7 comentários para “Caso Medhurst: Teste de uma mudança de rumo em Gaza"

  1. Maio 15, 2025 em 09: 27

    [F1(1A) Uma pessoa comete um crime se a pessoa—

    (a) expressa uma opinião ou crença que apoia uma organização proibida, e

    (b) ao fazê-lo é imprudente quanto a se uma pessoa a quem a expressão é dirigida será encorajada a apoiar uma organização proscrita.]”.

    *

    A lógica simples do senso comum sugere que uma organização que pratica genocídio seria eminentemente qualificada como uma "organização proscrita"; portanto, aqueles que expressam apoio ao governo israelense genocida estão cometendo um crime de acordo com a lei britânica claramente enunciada.

    Qual é a definição legal de comportamento imprudente? Comportamento imprudente refere-se a ações tomadas por uma pessoa que demonstram desrespeito à segurança dos outros.

    Da mesma forma, a lógica simples do senso comum sugere que os apoiadores do genocídio de Israel demonstram um desrespeito imprudente pela segurança dos palestinos, identificando os apoiadores do genocídio, em nítido contraste com jornalistas sincera e genuinamente preocupados com a segurança dos palestinos, como envolvidos/culpados de ações criminosas, de acordo com a lei britânica estabelecida.

  2. SimXouNão
    Maio 13, 2025 em 20: 05

    Medhurst é o novo Assange. Dois governos (Reino Unido e Áustria) estão a serviço de outro, Israel — colaborando na opressão de um jornalista.

    Ele não está sozinho na repressão da Pérfida Albion, com Criag Murray, Asa Winstanley e outros repórteres tendo sido invadidos, detidos e roubados por crimes de pensamento.

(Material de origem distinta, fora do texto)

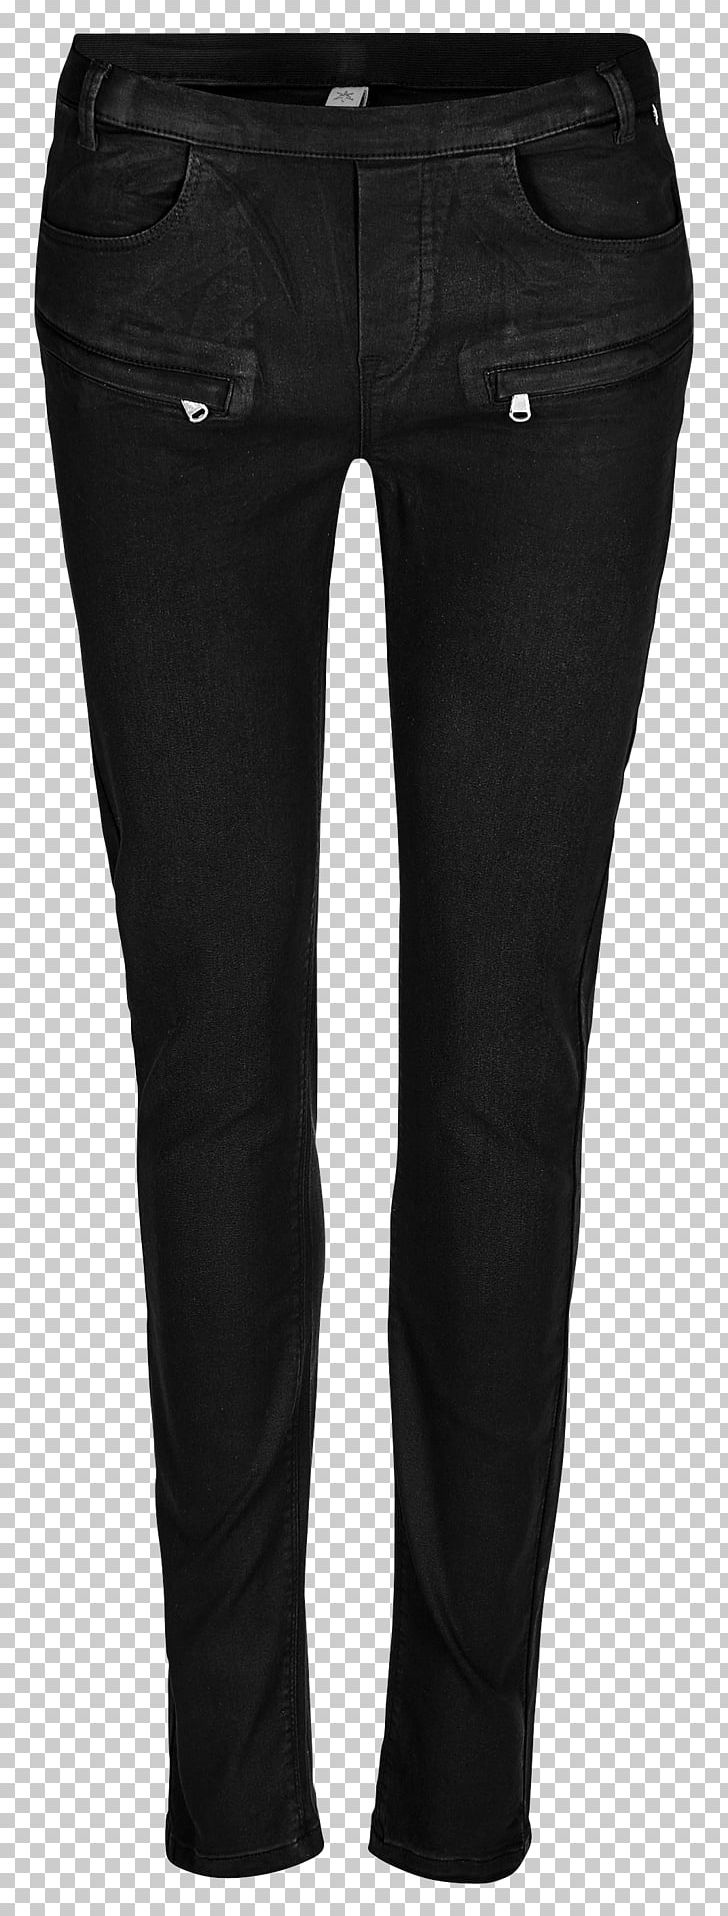 Jeans Tracksuit Clothing Pants Chino Cloth PNG, Clipart, Black, Black Pants, Canada, Chino Cloth, Clothing Free PNG Download
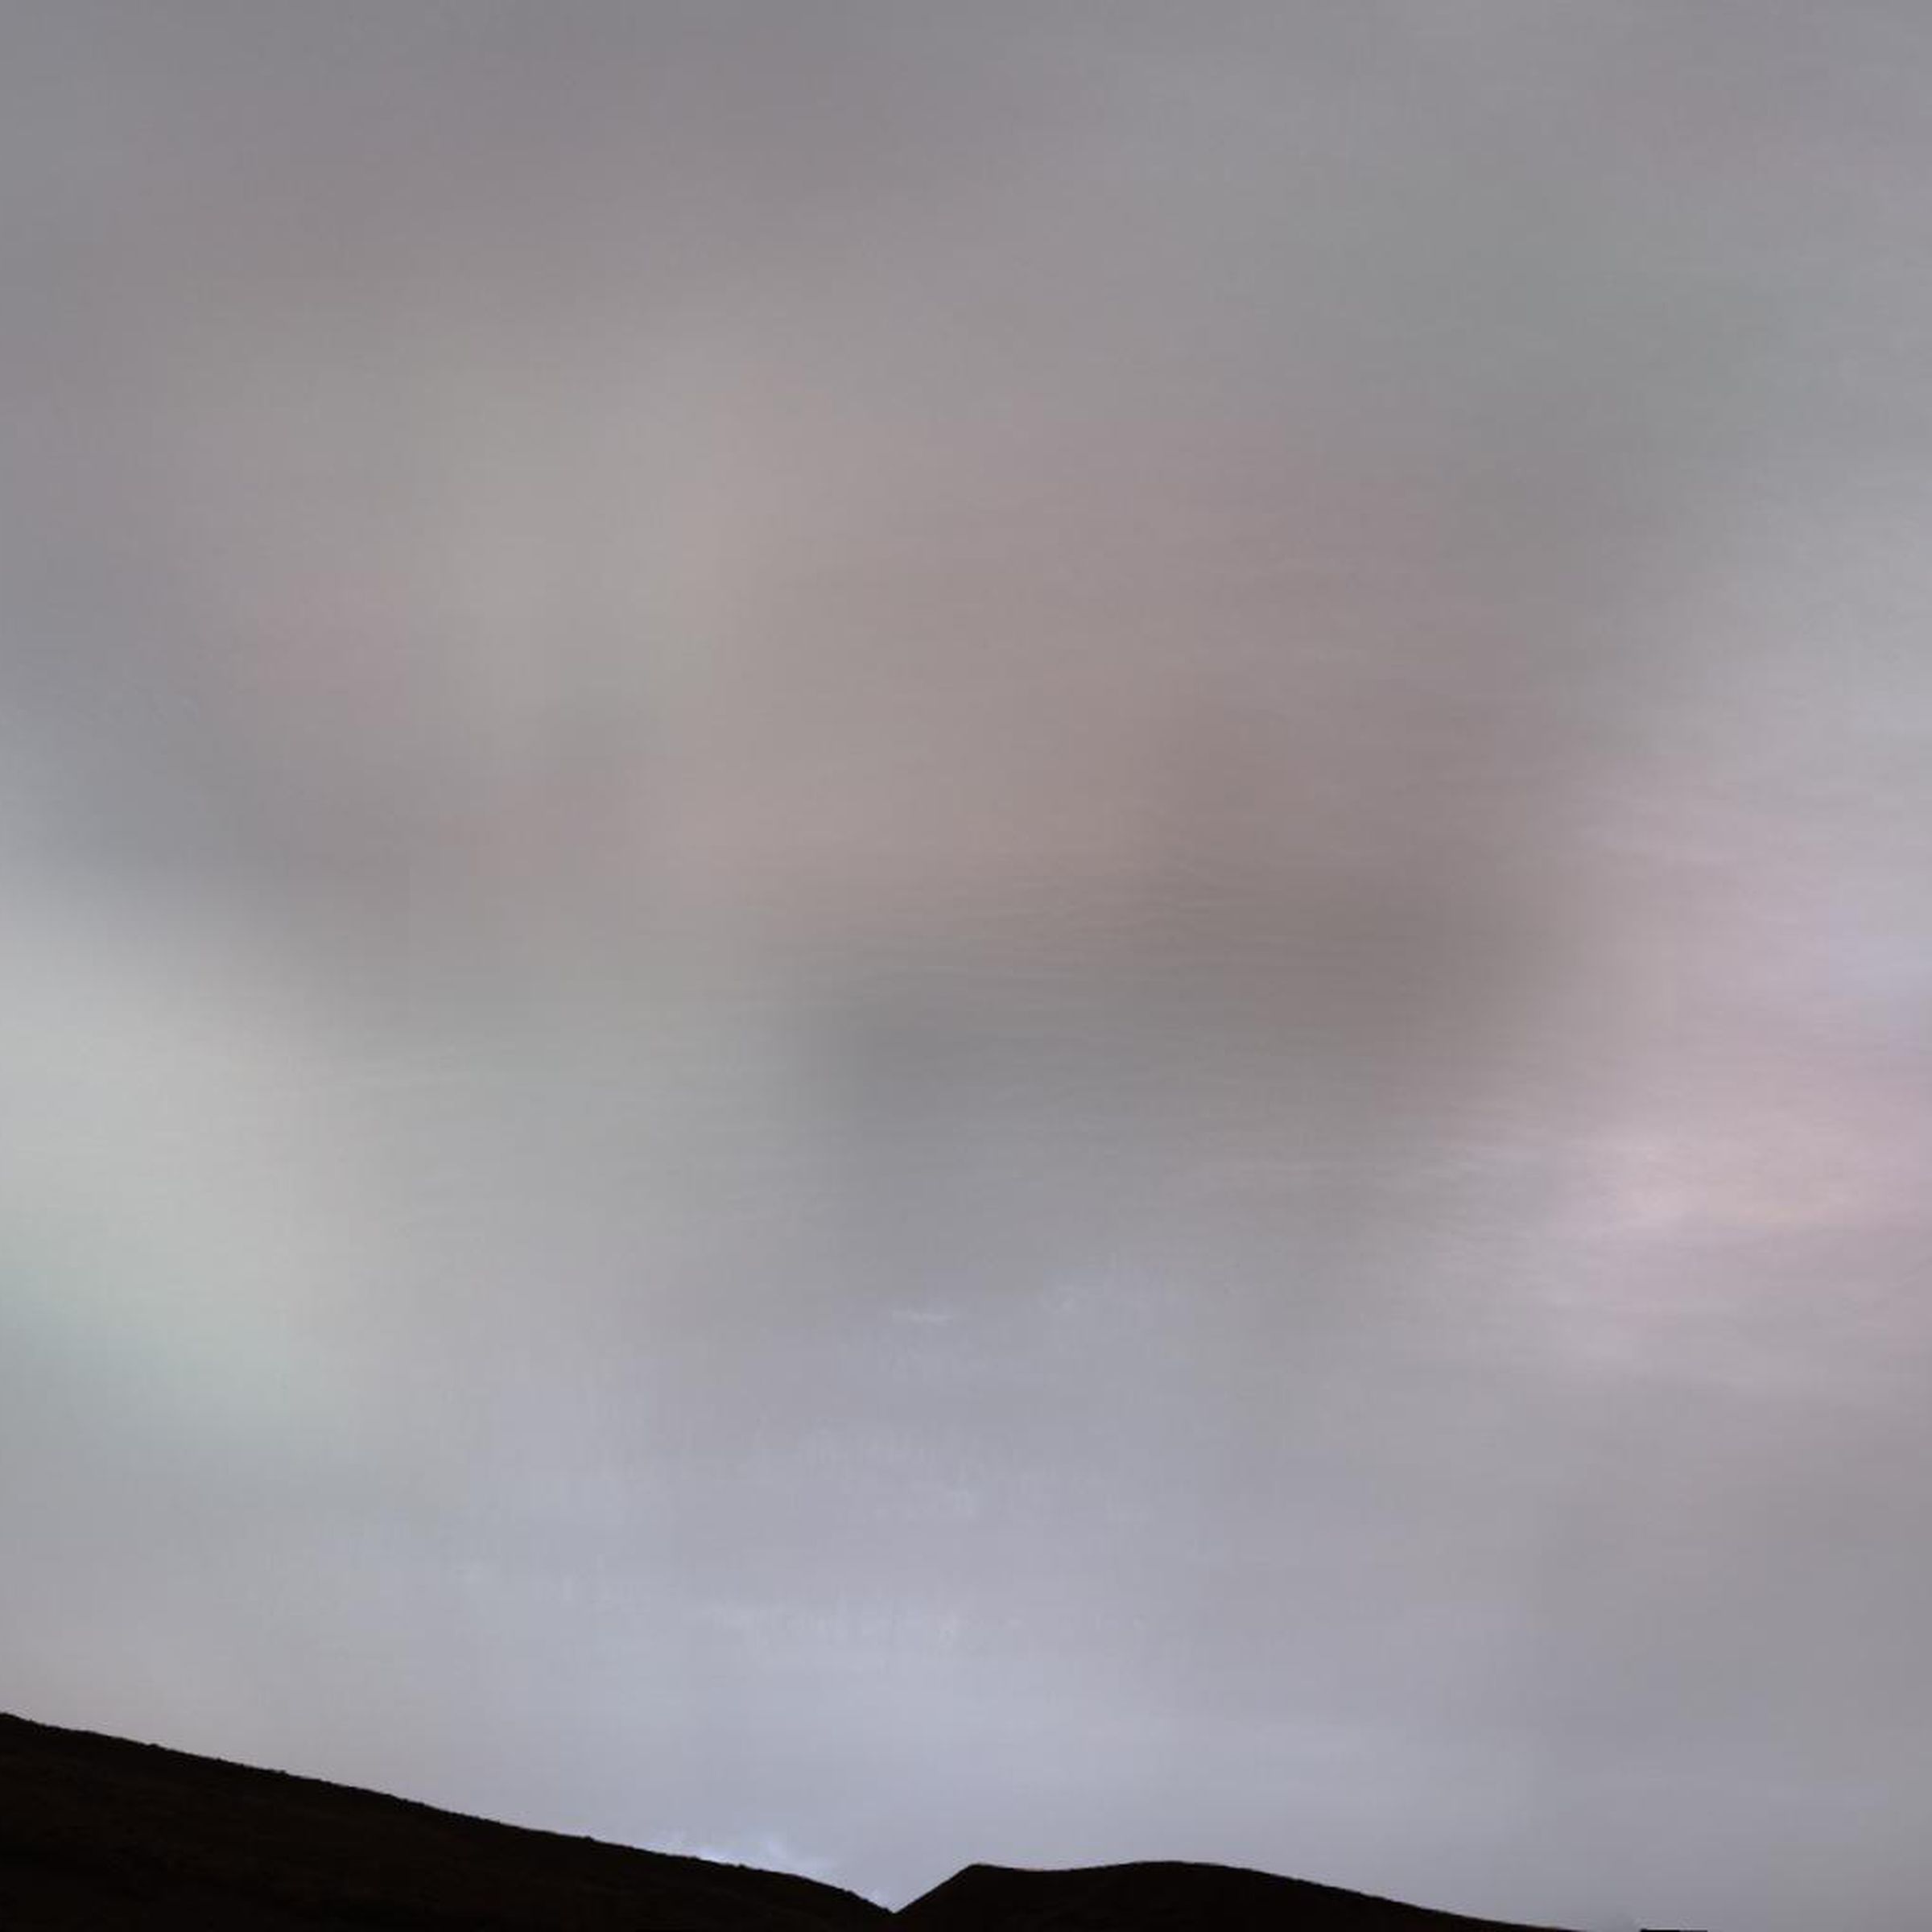 A sunset on Mars, as captured by the Curiosity rover

    Obrigado, Sr. Lauria, por conscientizar sobre o abuso dele (e deles) pelo governo britânico em nome dos sionistas genocidas.

  3. Leslie Gillot
    Maio 13, 2025 em 18: 10

    Alguém poderia me explicar quem decide qual organização deve ser designada como "proscrita"?

    • Consortiumnews.com
      Maio 13, 2025 em 19: 08

      O Ministério do Interior britânico decide.

      hxxps://www.gov.uk/government/publications/proscribed-terror-groups-or-organisations–2/proscribed-terrorist-groups-or-organisations-accessible-version

  4. Valerie
    Maio 13, 2025 em 11: 54

    “A embaixada de Israel ordenou minha prisão”?

    Eles provavelmente não precisariam fazer o pedido:

    Xxxx://labourhub.org.uk/2025/05/07/relatório-inovador-revela-escala-extraordinária-das-exportações-de-armas-do-reino-unidense-para-israel-e-descobre-que-o-governo-enganou-o-público/

    O relatório completo pode ser lido/baixado no link acima.

    Parabéns, Richard. Todos nós apoiamos você, assim como apoiamos Julian Assange.

    PALESTINA LIVRE

  5. Steve
    Maio 13, 2025 em 10: 31

    O Reino Unido tem um governo majoritariamente sionista, liderado por Keir "Eu sou um sionista" Starmer, que chefiou o CPS durante a perseguição a Julian Assange. O CPS é, na minha opinião, um órgão corrupto controlado pelas forças do establishment. As perspectivas não são promissoras para Richard Medhurst, mas podemos ter esperança.

    • Jack Straw
      Maio 13, 2025 em 15: 44

      Não, podemos protestar, alto e por muito tempo.